Shot on grainy 16mm and scored by loopy, synth approximations of classical instruments, Joe DeBoer and Kyle McConaghy’s Dead Mail sets up a dialectical battle between the analog and the digital, the past and the present, the solitary and the communal, and even Black and white. The latter gets a bracing introduction in the film’s cold open, in which a Black man, bound at the hands and feet, chains dragging underneath him, bloodied and drenched in sweat, crawls through the front door of a house to a mailbox at the edge of the road. Just as he manages to slip the letter in his hands into the box, a White man comes behind him and strikes him across the back of the head.
The letter inevitably finds its way to the Glen Haven post office, where workers Ann and Bess (Micki Jackson and Susan Priver, respectively) wonder whether its huge red stains and “Help me” scrawled on the front is just some prank. Like they do with other unidentified mail, they give it to Jasper (Thomas Boykin), the solitary, almost mystical “dead mail” investigator in charge of tracking down unknown senders. Jasper is another of the film’s lonely men, with a methodical approach to his work and a subdued demeanor. His lifestyle — which includes residing in a downtown men’s community, something between a shelter and hostel — his aversion to new technology (such as the office copy machine), and a love of model-making make him the perfect foil to the technology-obsessed man he sets out to find.
Trent (John Fleck), the man who struck the bound man, also chases down the letter and, through some careful inquiry, discovers who is in charge of tracking down the sources of dead letters. The inevitable meeting between the vengeful Trent and unsuspecting Jasper has its own shocking conclusion, which is best left unspoiled. But their meeting allows for the film’s narrative structure to take some liberties. A flashback to an unspecified point in time sees Trent entering a synthesizer engineers marketplace, where he meets Josh (Sterling Macer Jr.), an idealist with dreams of making the world’s most accurate synthesizer. Trent takes a shine to Josh’s enthusiasm and offers to help him out.
The care with which DeBoer and McConaghy shape Josh and Trent’s dynamic is admirable. It plays out like a patron and his benefactor, at times endearing and sweet, at others paternalistic, and sometimes verging on sexual. Trent bears an intense interest in Josh’s technical prowess that borders on the obsessive, crucial given a past relationship to another man who also bore specific expertise to which he aspired. In particular, the directors’ portrait of Trent, whose tendencies to obsess and overthink (and his eventual violence) make him an easy target for scorn, is never apathetic. Trent admits to feeling unseen and underappreciated, which makes Josh’s potential move to Japan to work for a synthesizer manufacturing company a tough pill to swallow; after all, he tells Josh at the lowest point in their crumbling relationship, it was another talented young man long ago who left him alone with his inadequacies. That Trent struggles with feeling unseen and underappreciated is ironic, given the people against whom his character is set in the story, namely women and people of color. The critique is hard to miss, but thankfully it doesn’t bludgeon the viewer.

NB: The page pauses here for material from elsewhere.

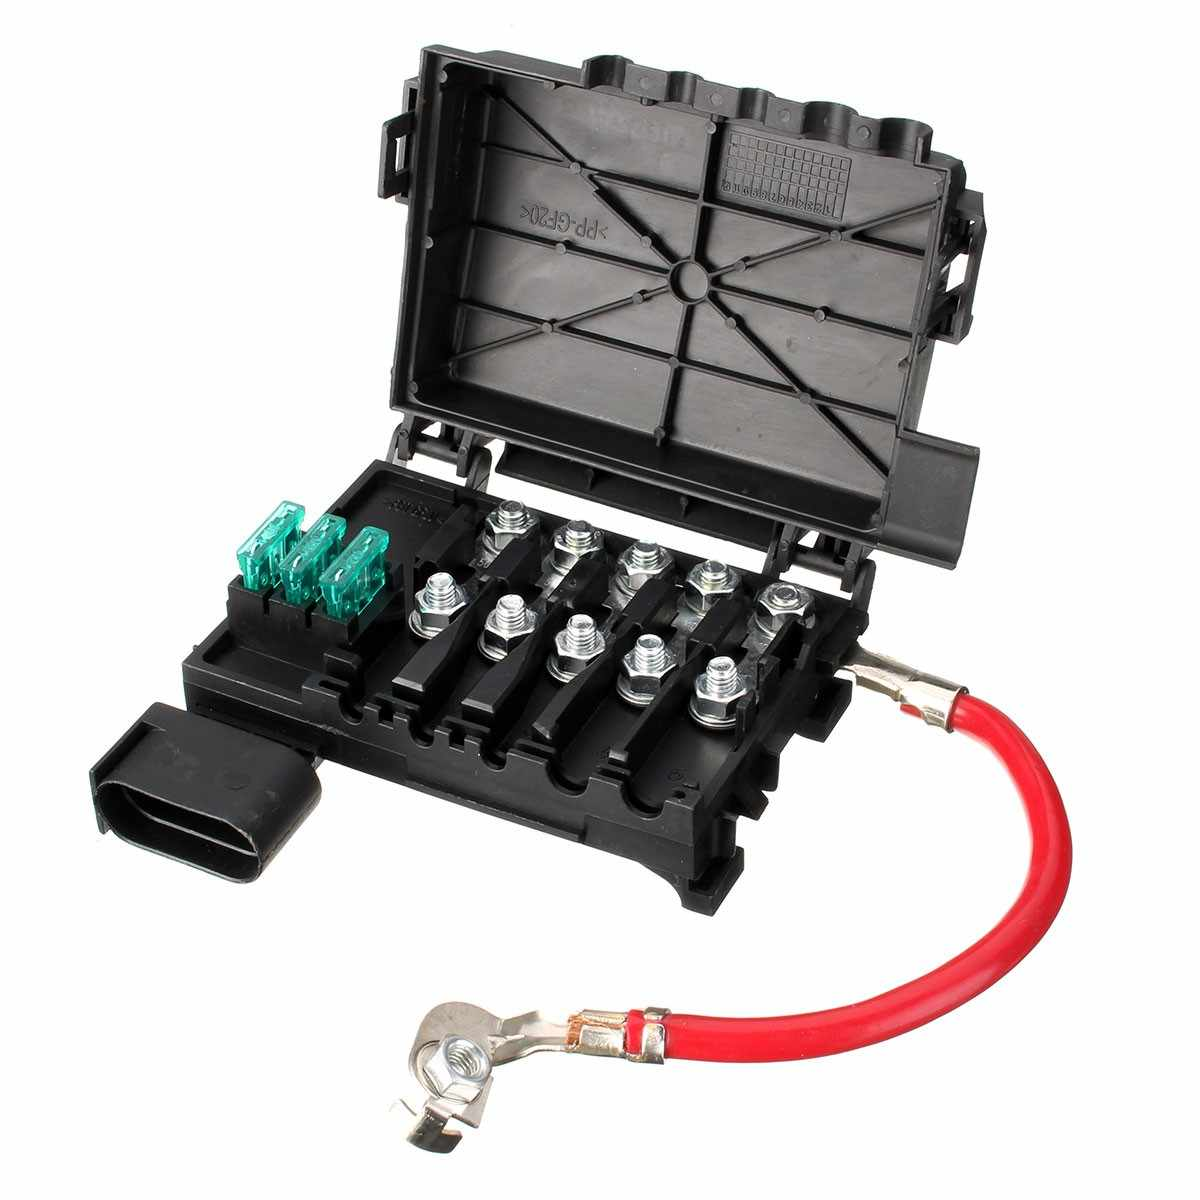 hight resolution of new fuse box for vw beetle golf jetta 1j0937617d 1j0937550 1j0937550aa 1j0937550ab ac ad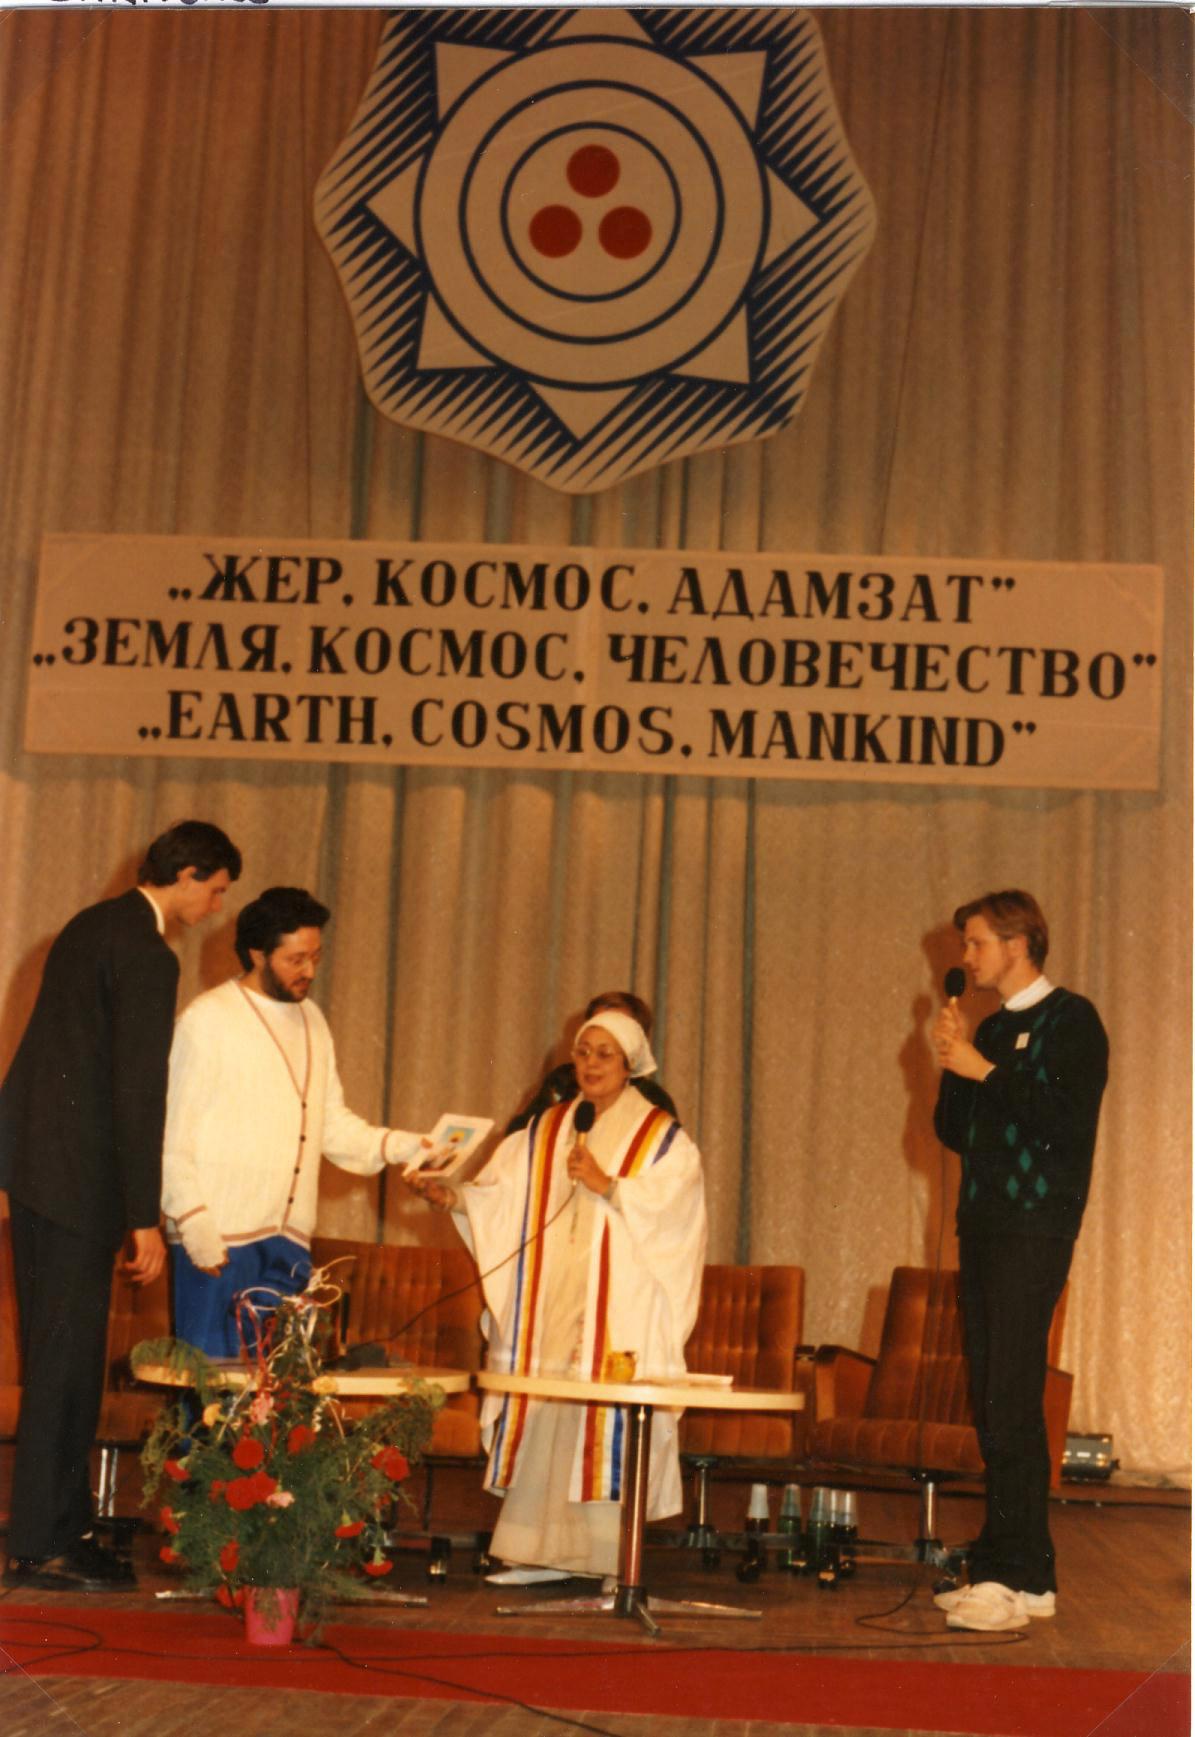 Alma Ata - Kazakistan 19 Ottobre 1992 Giorgio Bongiovanni al Congresso Mondiale per la Concordia Spirituale.

Any more detail would spoil the story, which in turns delivers an expectedly thrilling, and unexpectedly moving, ode to public servants whose work often goes unheralded, a fact which DeBoer and McConaghy make explicit in the story. For a film whose greatest strength is in exploiting the possibilities when opposites collide, it makes sense that the film’s expected, but not unsatisfying, end comes when its two storylines finally converge. Safe to say, where justice technically fails in Dead Mail, humanity doesn’t.
Published as part of TIFF 2024 — Dispatch 5.